We distributed an anonymous online survey to U.S. adult neurology program directors (PDs). The survey addressed program demographics, components and length of parental leave, perceived impact on residents’ clinical training and academic development, and barriers to augmenting the policy.
We contacted 163 PDs and received 54 responses (response rate of 33%). 87% of programs had policies for both childbearing and non-childbearing residents. The average maximal length of leave without extension of training was 8.5 weeks (range 0-13) for childbearing residents and 6.2 weeks (0-13) for non-childbearing residents. 65% offered full pay and benefits during the leave, and a majority did not require full use of vacation (51%) or elective time (59%). 42% had policies for reducing clinical rotations to create a leave. The majority of PDs felt that parental leave had a positive impact on resident wellness and neutral impact on clinical competency, academic opportunities, and career development.

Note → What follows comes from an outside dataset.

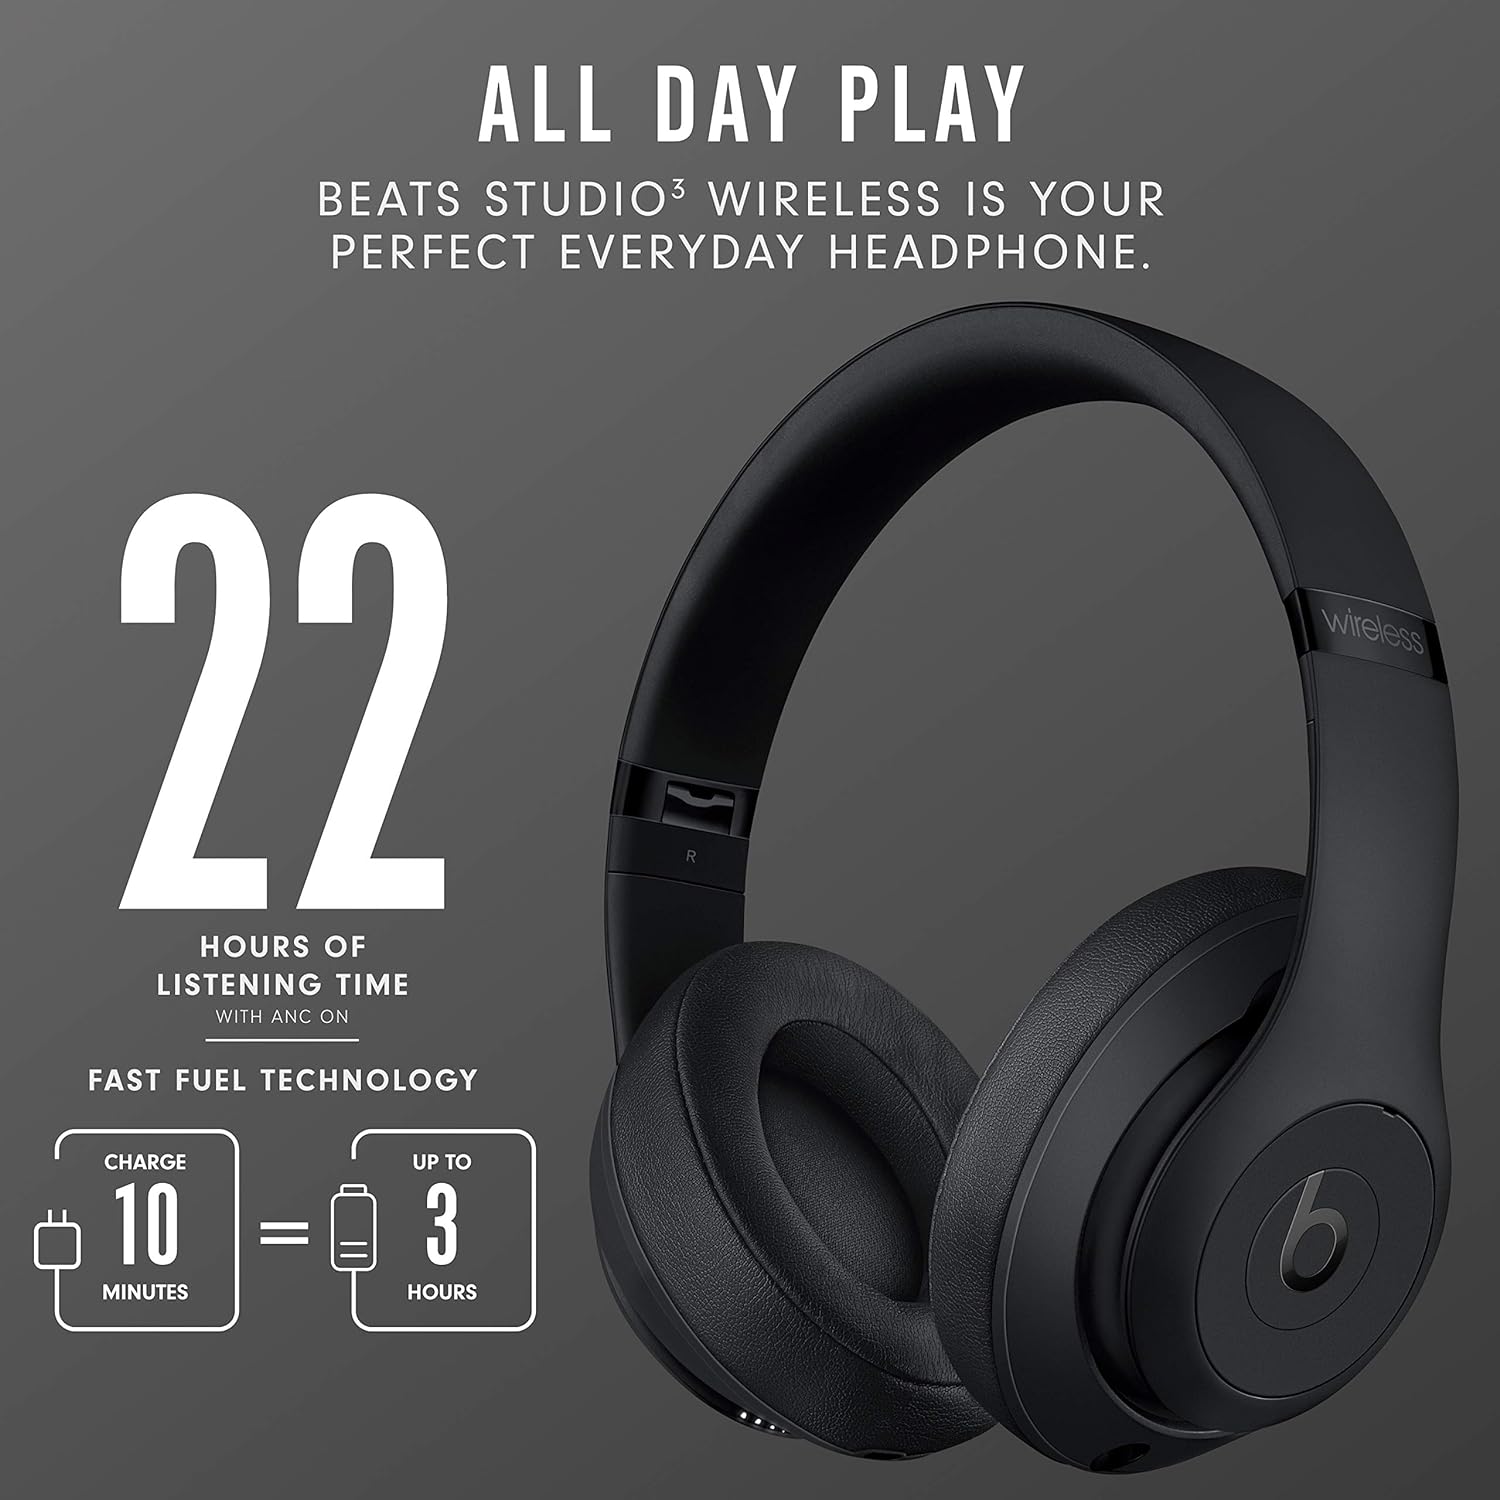 Beats Studio3 Wireless Noise Cancelling Over-Ear Headphones - Apple's W1 chip technology 0190199312722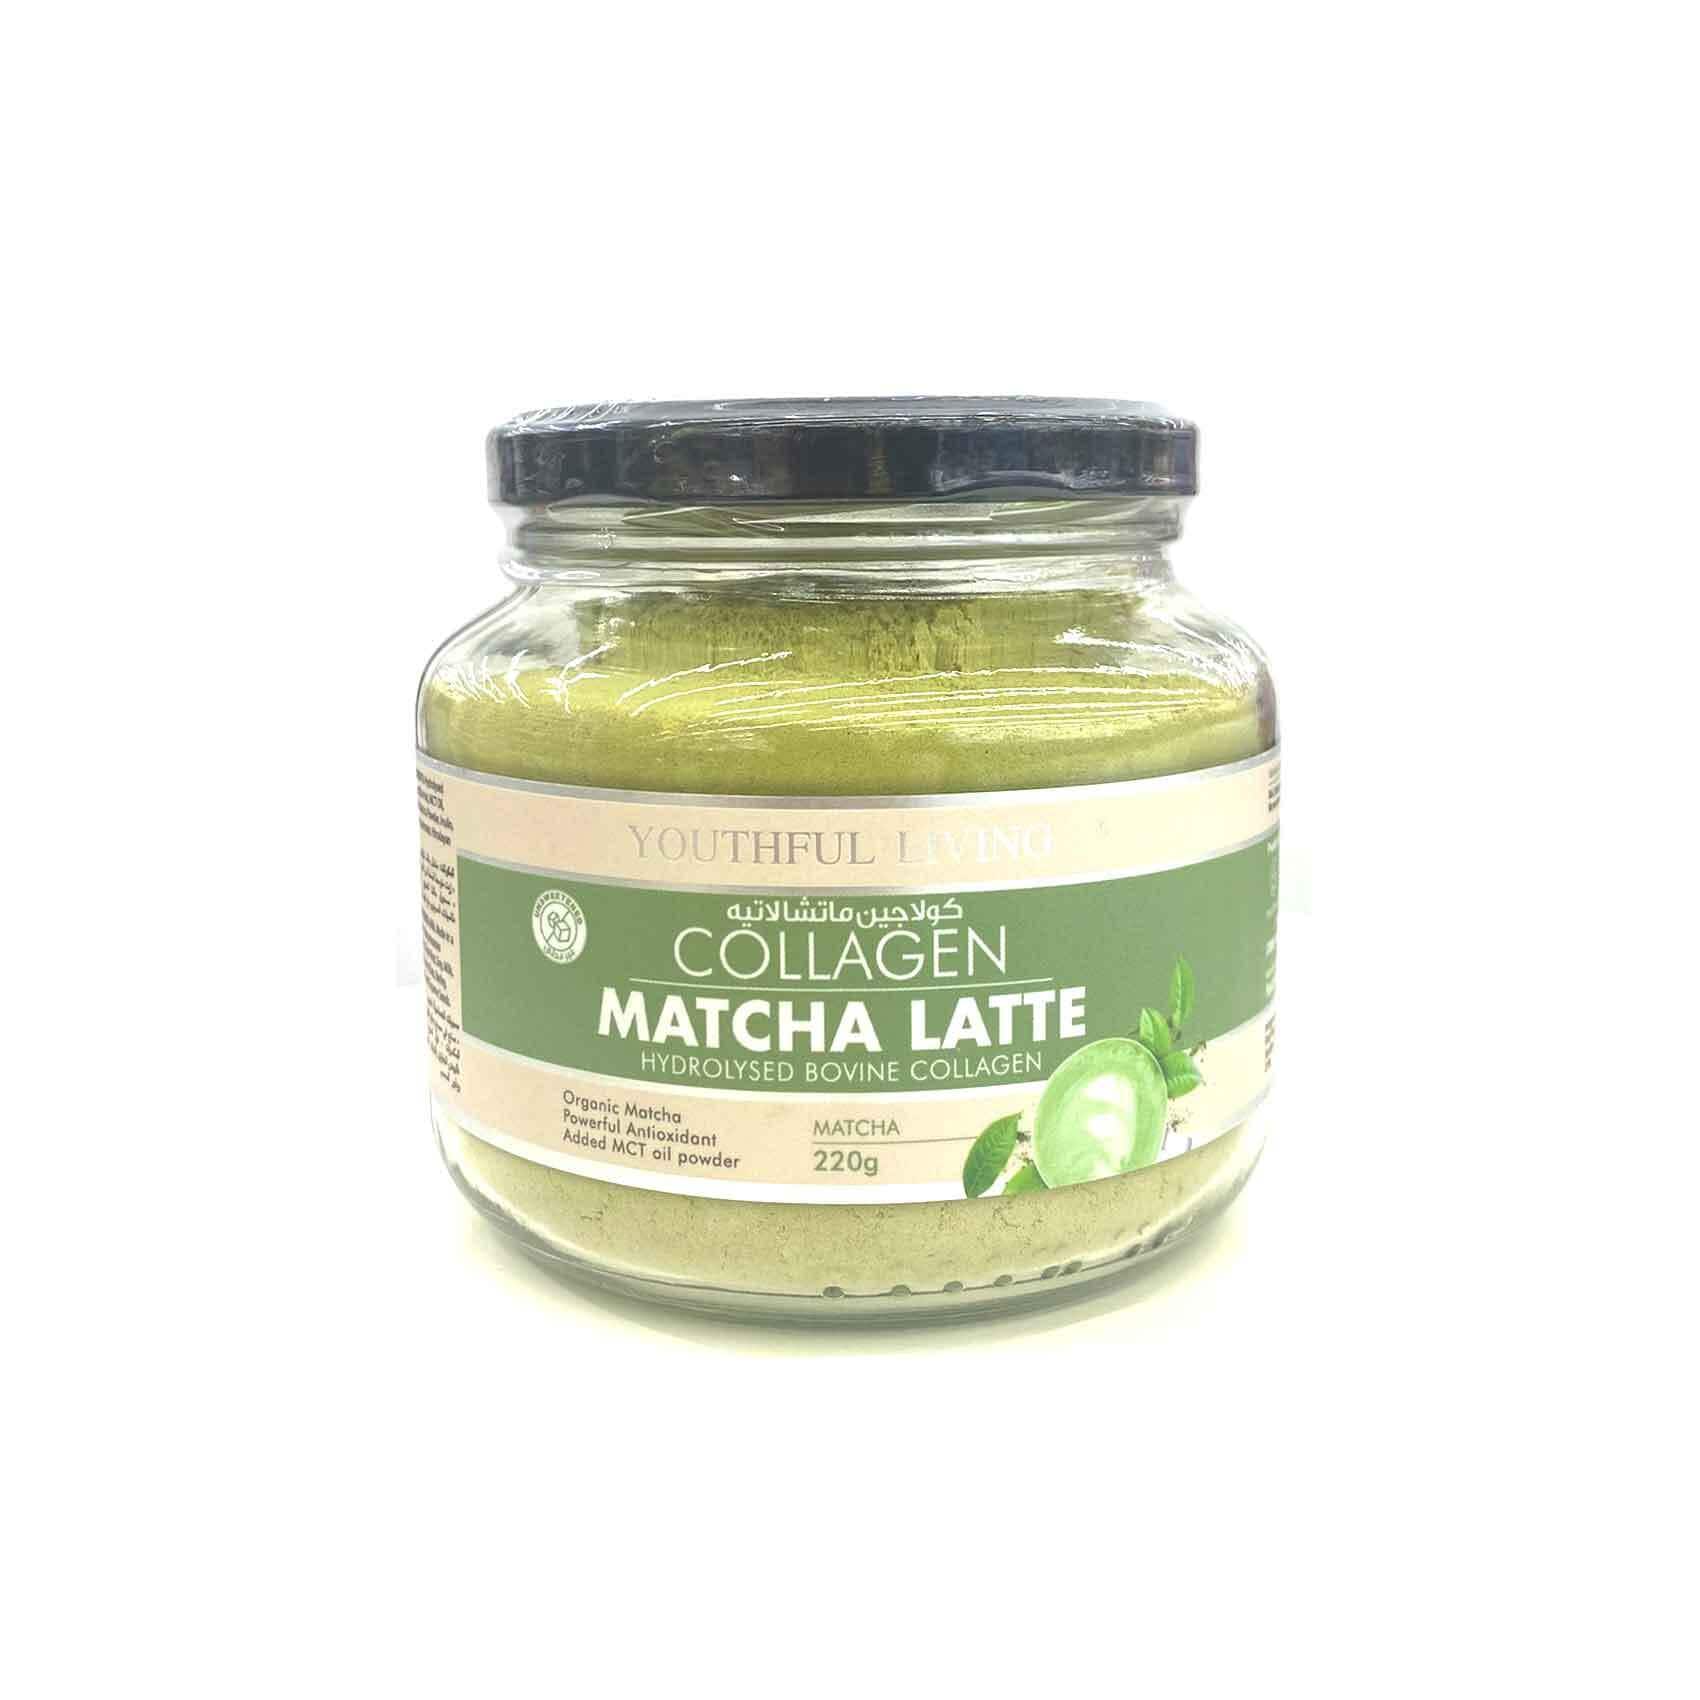 Matcha Collagen Latte - Biotona

PDs stated that the most common barriers to providing a 12-week paid policy were concerns about equity in the program and impact on other trainees (82%), staffing of clinical services (80%), and impact on clinical training (78%).
Although most adult U.S. neurology programs in our cross-sectional study have established parental leave policies, there is significant variability regarding the duration of leave and the composition of leave that is offered. Policies to improve parental leave should focus on addressing commonly perceived barriers, such as additional solutions to staffing clinical services.